[Data for this task — start]

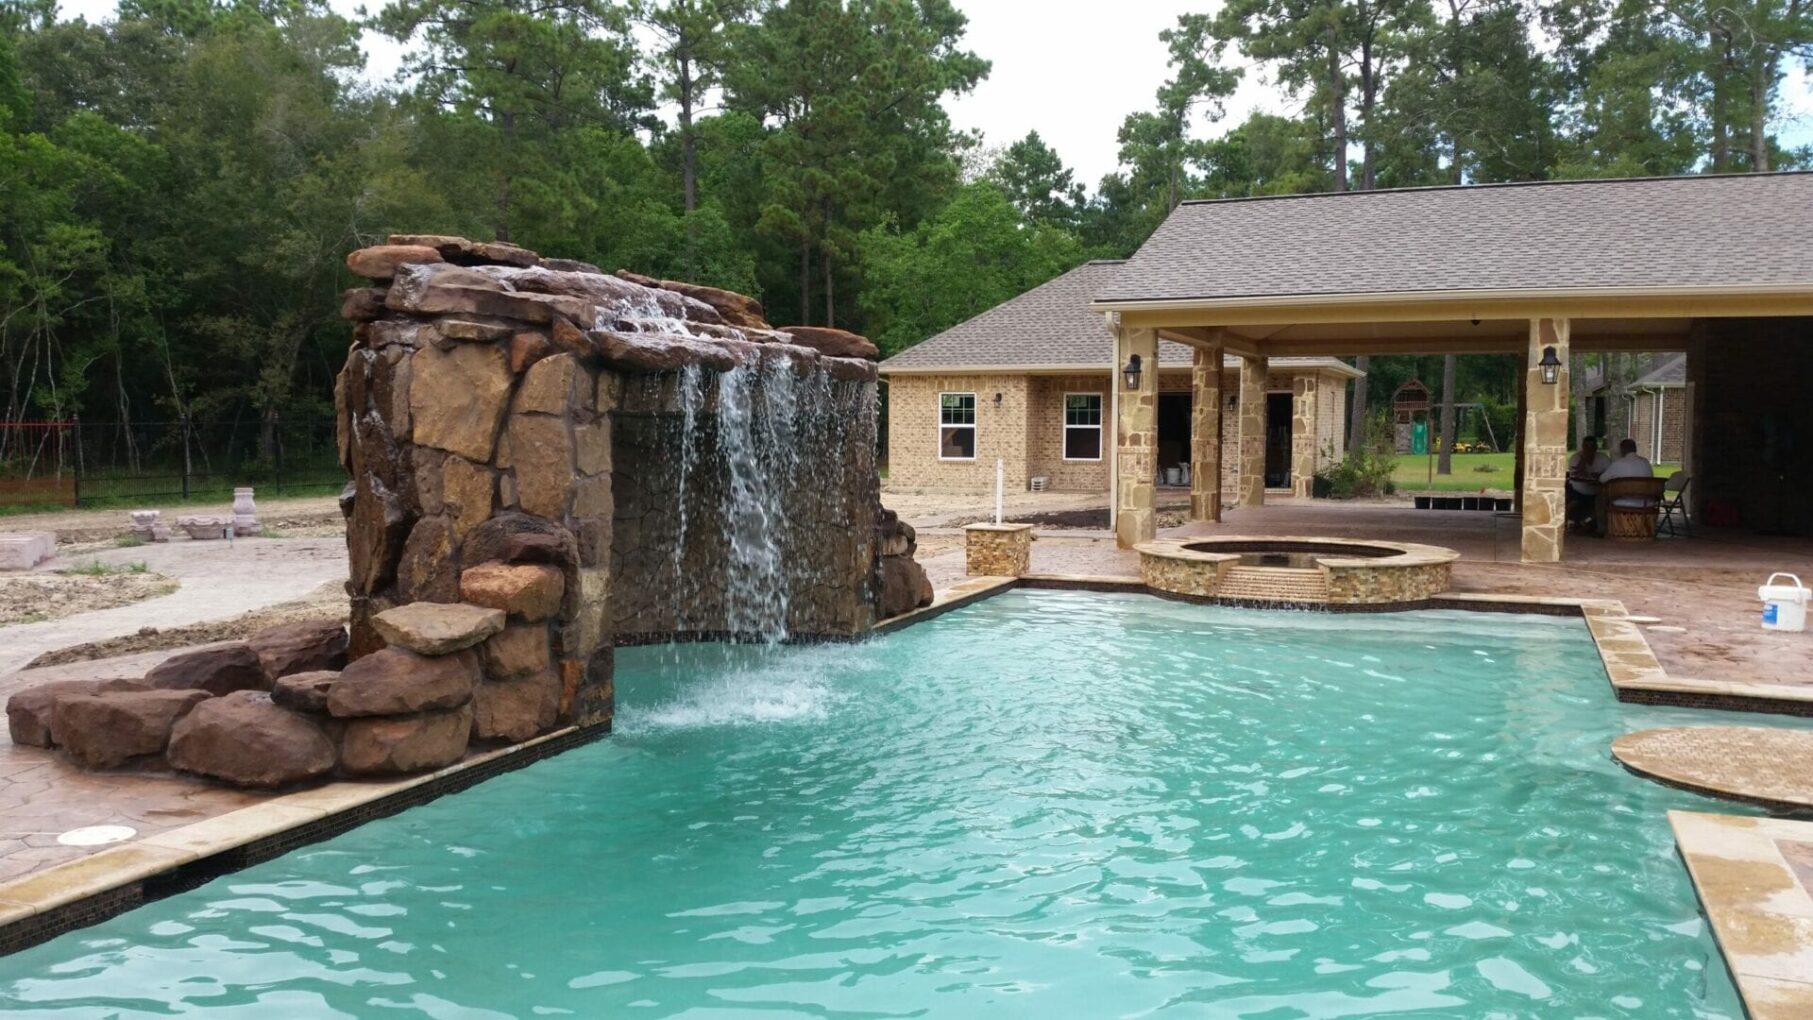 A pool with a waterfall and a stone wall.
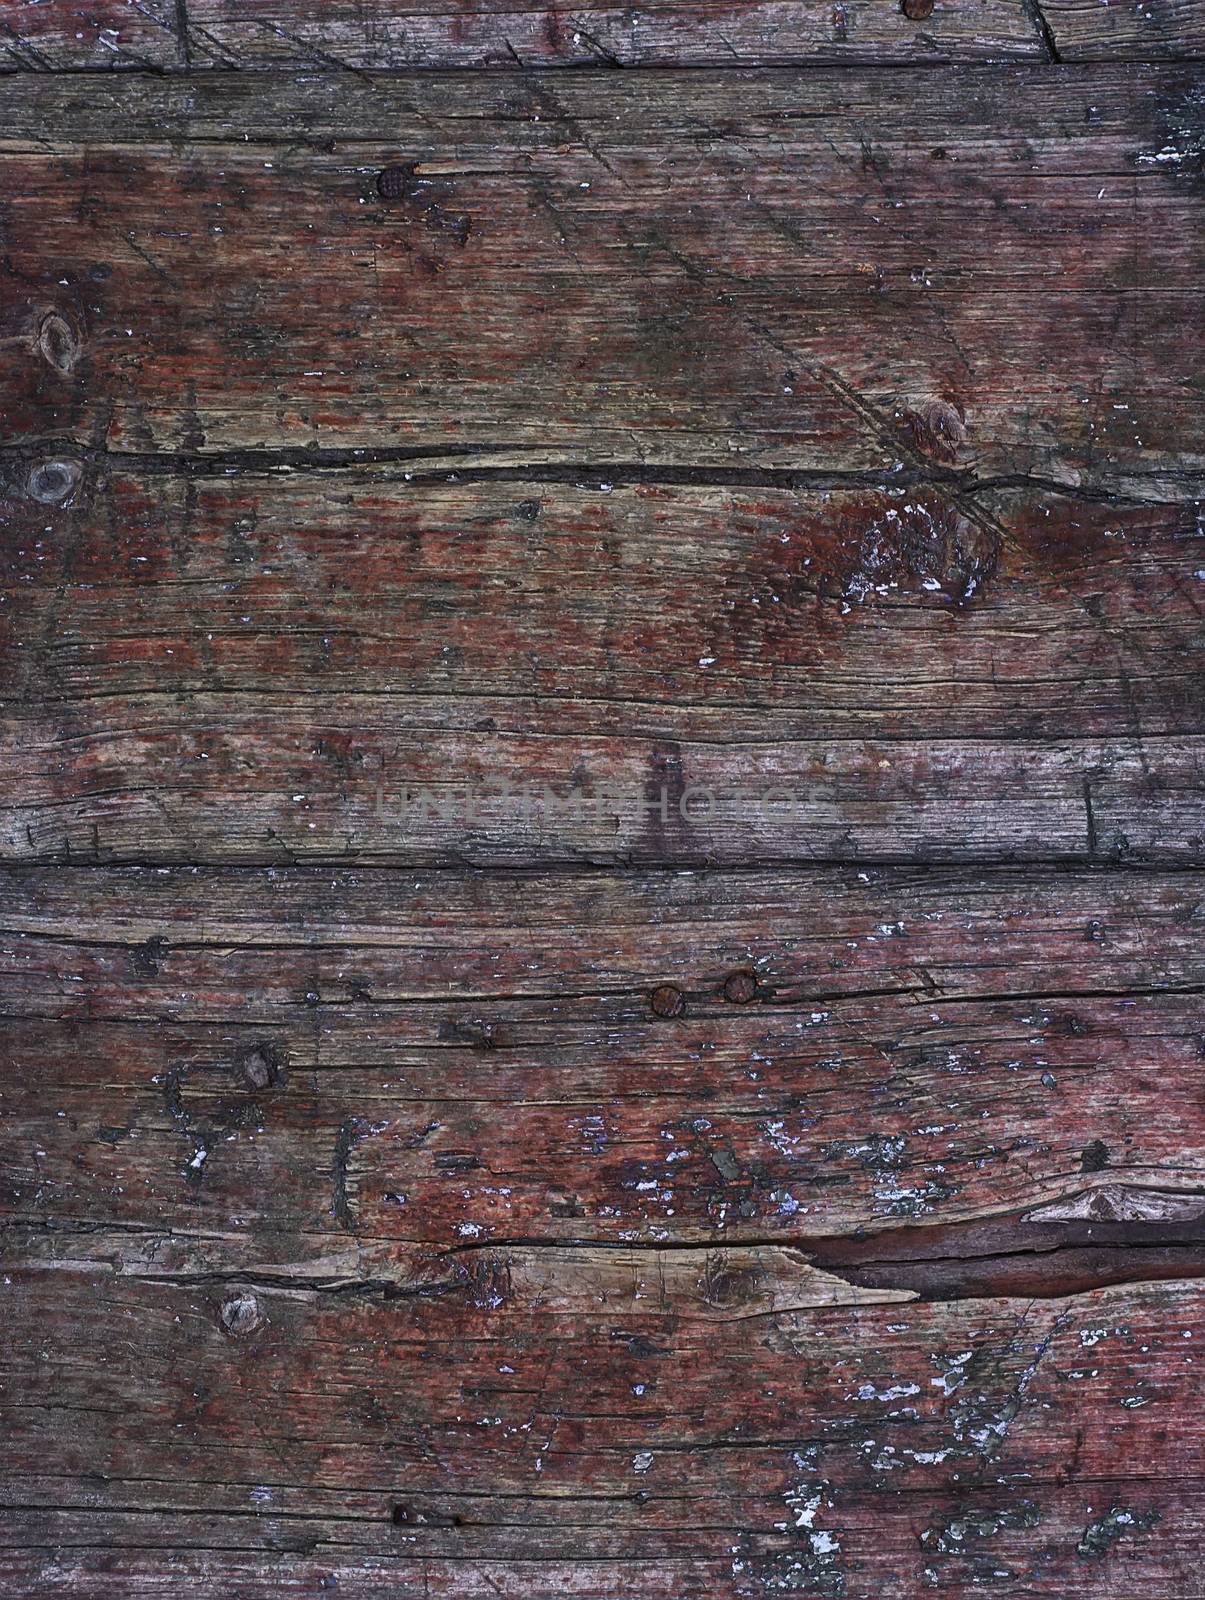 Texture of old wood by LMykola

[Data for this task — finish]
[Data for this task — start]

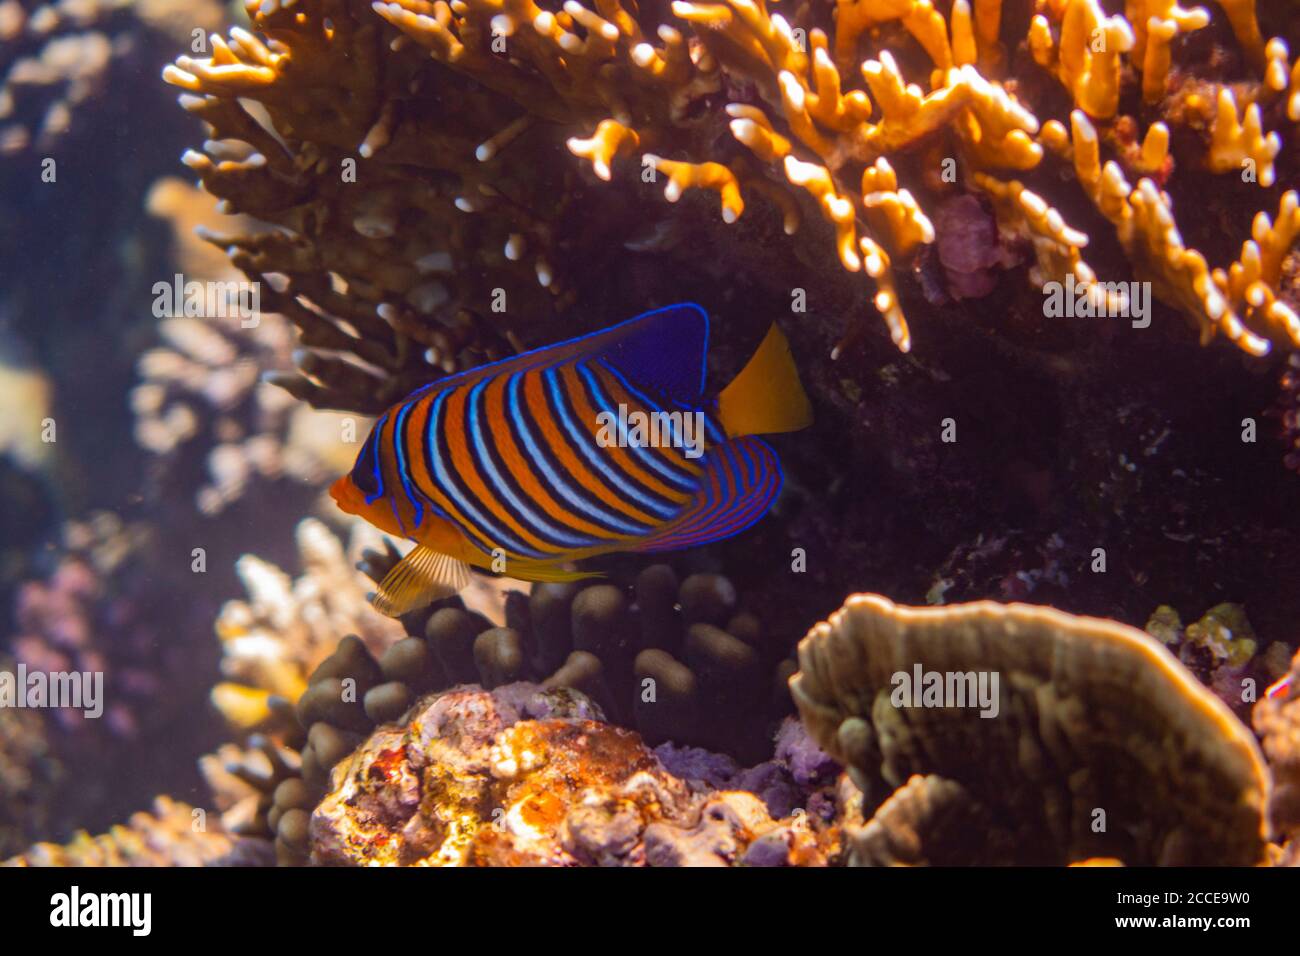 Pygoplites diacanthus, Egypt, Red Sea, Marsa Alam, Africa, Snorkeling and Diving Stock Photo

[Data for this task — finish]

Give the lines above again exactly, from the one containing "A pool with a waterfall and a stone wall." to the one containing "Texture of old wood by LMykola", both included, but leave out the pictures.

▶ _Answer space_:
 A pool with a waterfall and a stone wall.
 Texture of old wood by LMykola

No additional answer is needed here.